As the new year approaches and things slow down for the holidays, I’ve been reflecting a bit on the blessing and curse of being an optimizer. I think many of us, particularly churners, love to optimize. We optimize our travel, our miles earned, our points burned, for first class flights, five star hotels, and cashback at almost zero cost. What’s not to love?

Society also loves optimizers. Improve efficiency, get promoted. Launch a startup, get rich. Work smarter. Hustle harder. Eat healthier, live longer. Hack your workout, your morning routine, your relationship, your life.

Nothing builds a habit faster than an activity that produces tangible results. Encounter problem. Find optimal solution. Release dopamine. Rinse, repeat.

Do anything a thousand times, and it’s no longer an activity you do. It’s a part of who you are. There are worse things to be than being an optimizer. In fact, family and friends probably love your optimizing. You help them optimize their vacations, their finances, their diet.
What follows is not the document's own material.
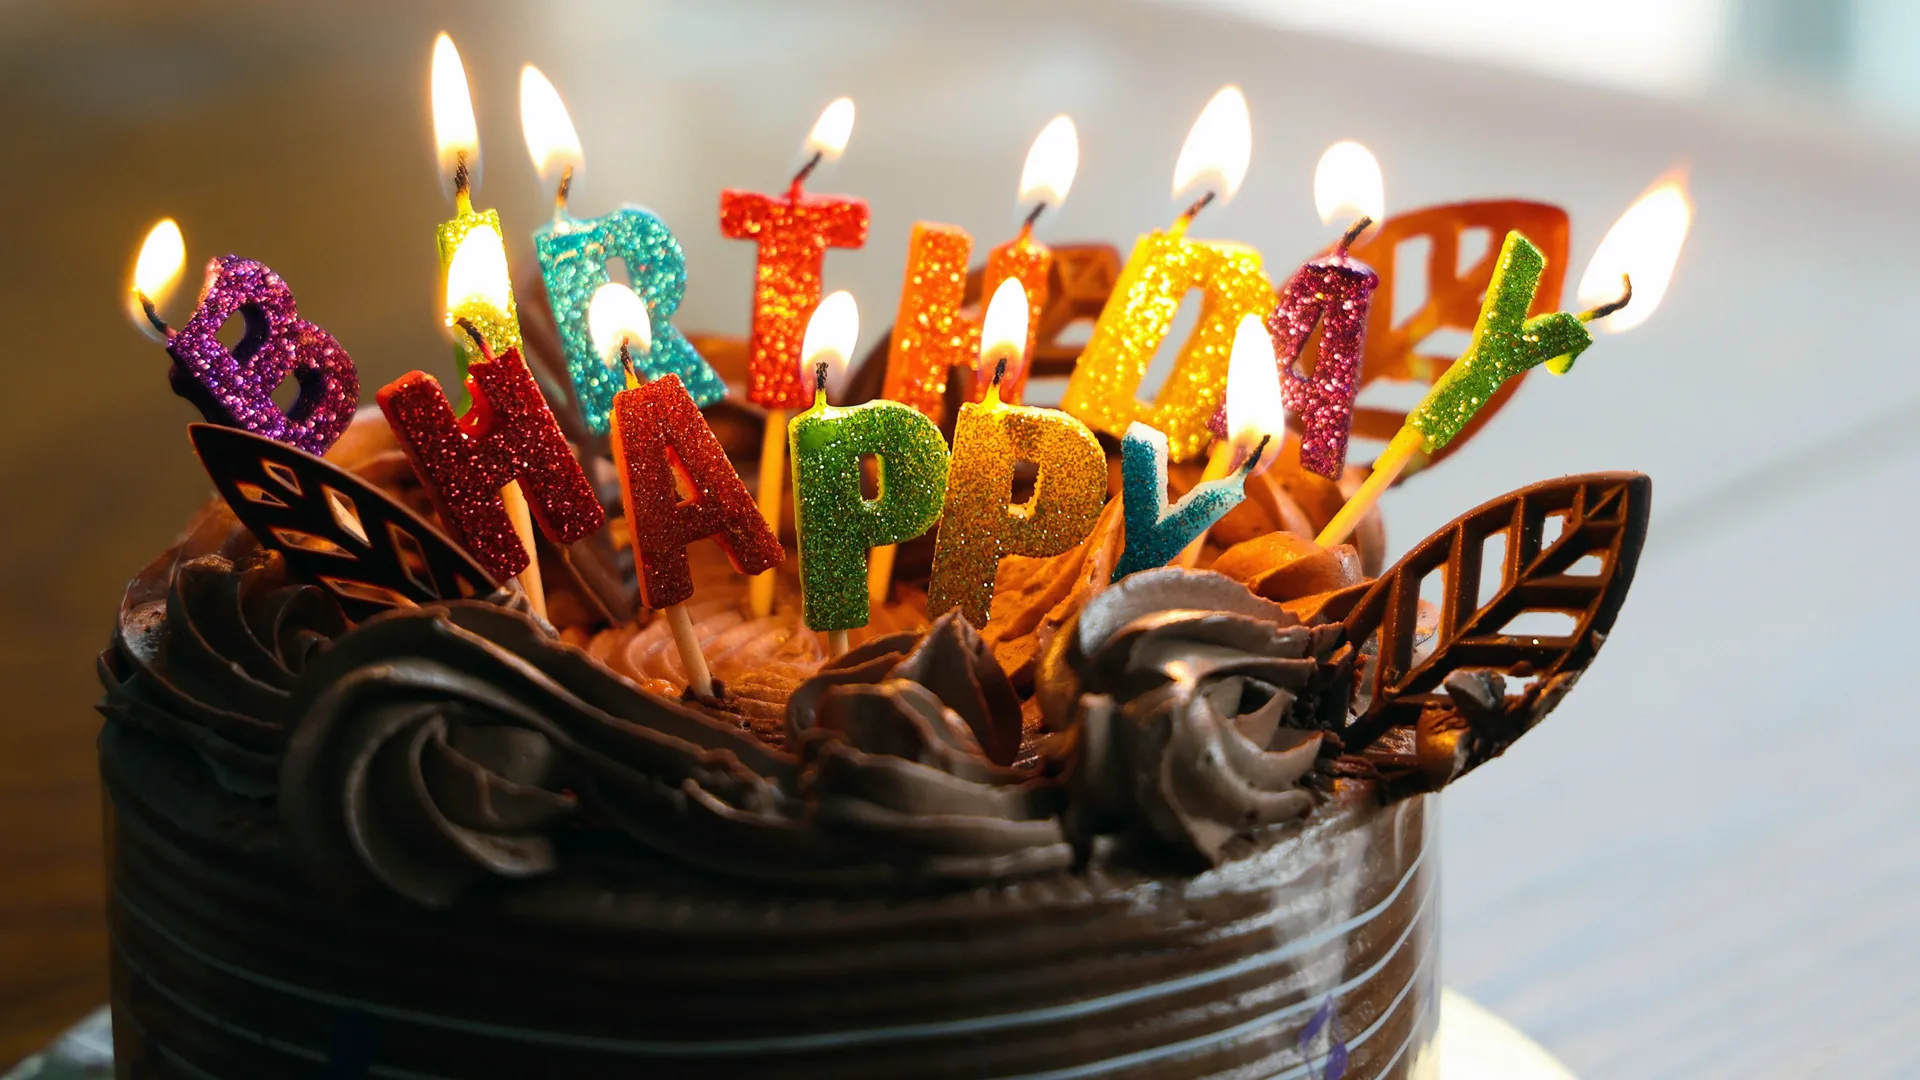 A photograph of a birthday cake with colourful glitter candles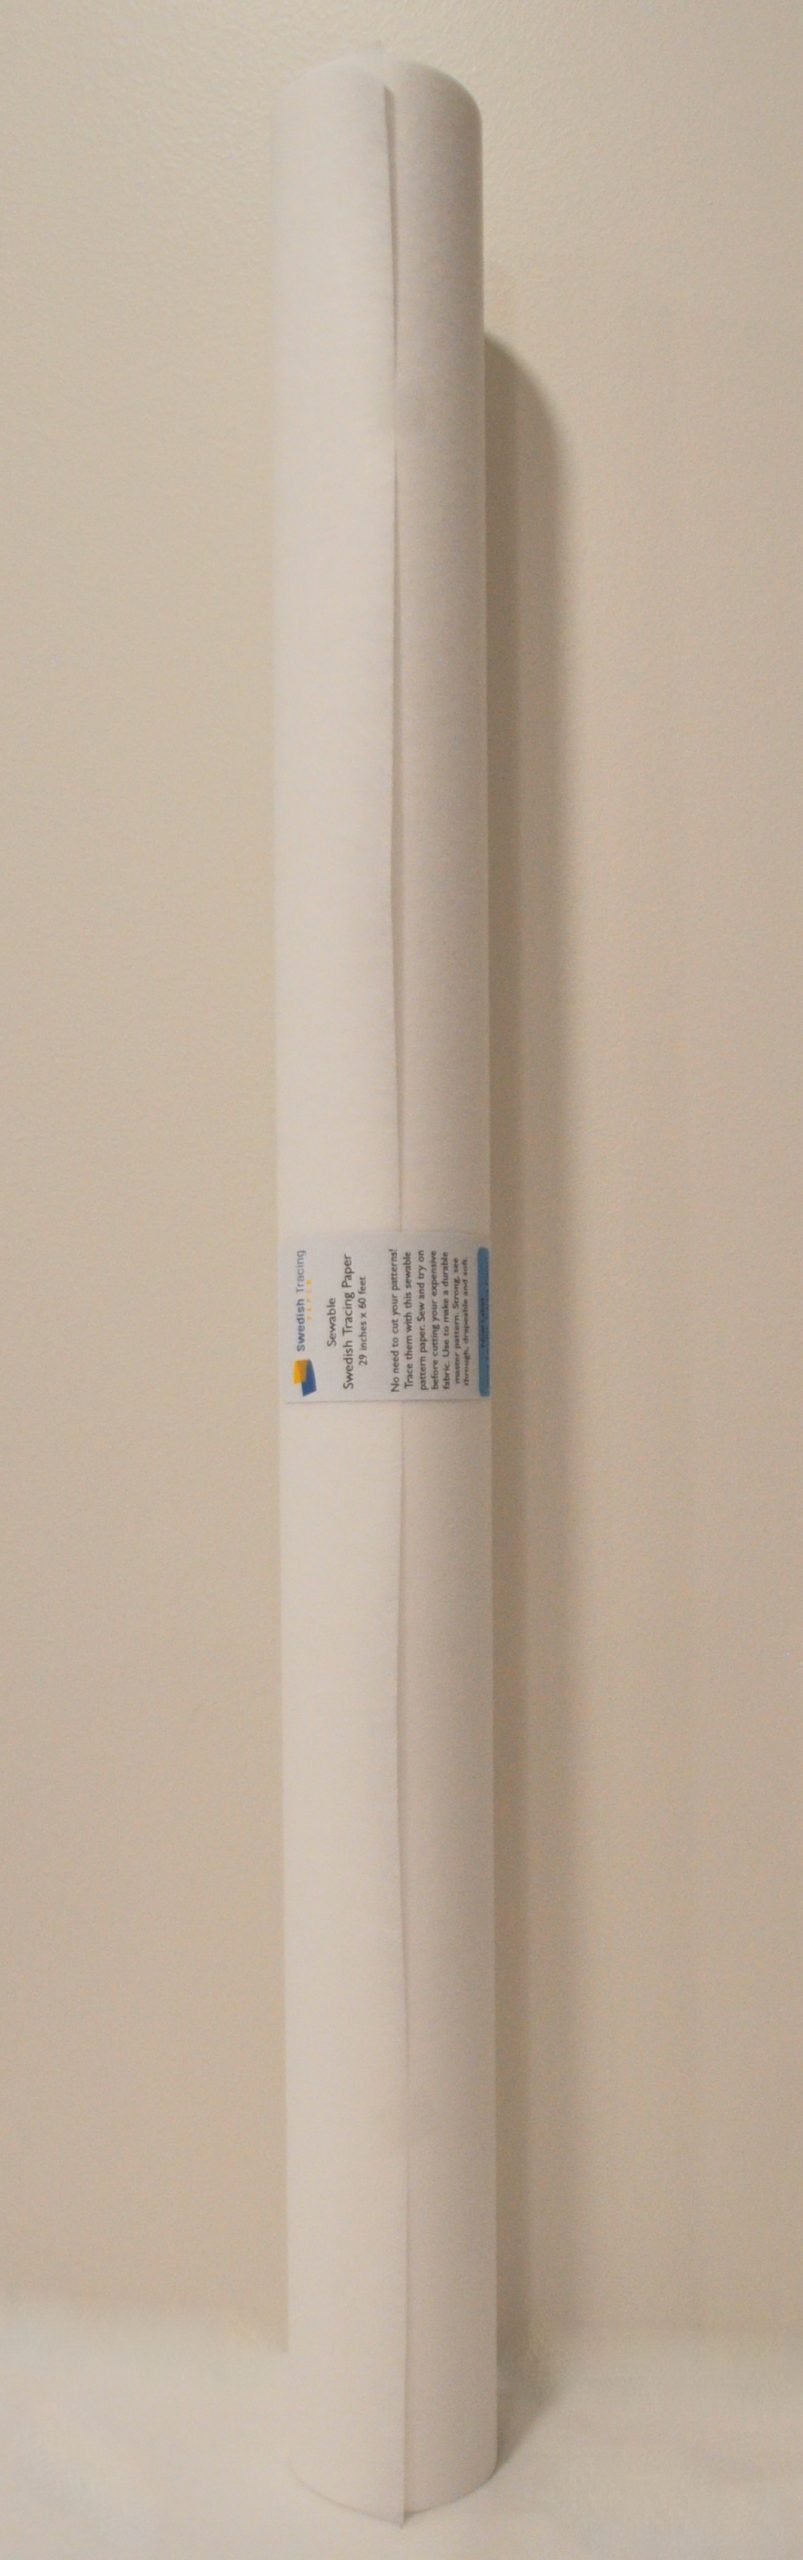 Swedish Tracing Paper 29 in X 60 ft 1 Roll – Swedish Tracing Paper

It feels good to help others.

Your partner, roommate, or cat might be the only one who sees the other side of the coin.

They see you spend three hours researching the best pillow for stomach sleepers, cross-referencing amazon reviews with Wirecutter recommendations, checking slickdeals and camelcamelcamel for historical lowest prices, cashbackmonitor for the highest portal rates, cardpointers for active credit card offers, retailmenot for coupon codes.

They see you spend days on the phone chatting with customer service to figure out the ins and outs of their award booking system, so you can secure first class tickets for you and your friends.

They see you spend weeks working on a bot to automate thousands of micro-transactions to take advantage of interchange arbitrage opportunities on a few niche fintech platforms (only to see it die before you could really scale it up, sadface).

They also see that year by year, despite everything in your life becoming more optimal, you still spend just as much (often more) time optimizing.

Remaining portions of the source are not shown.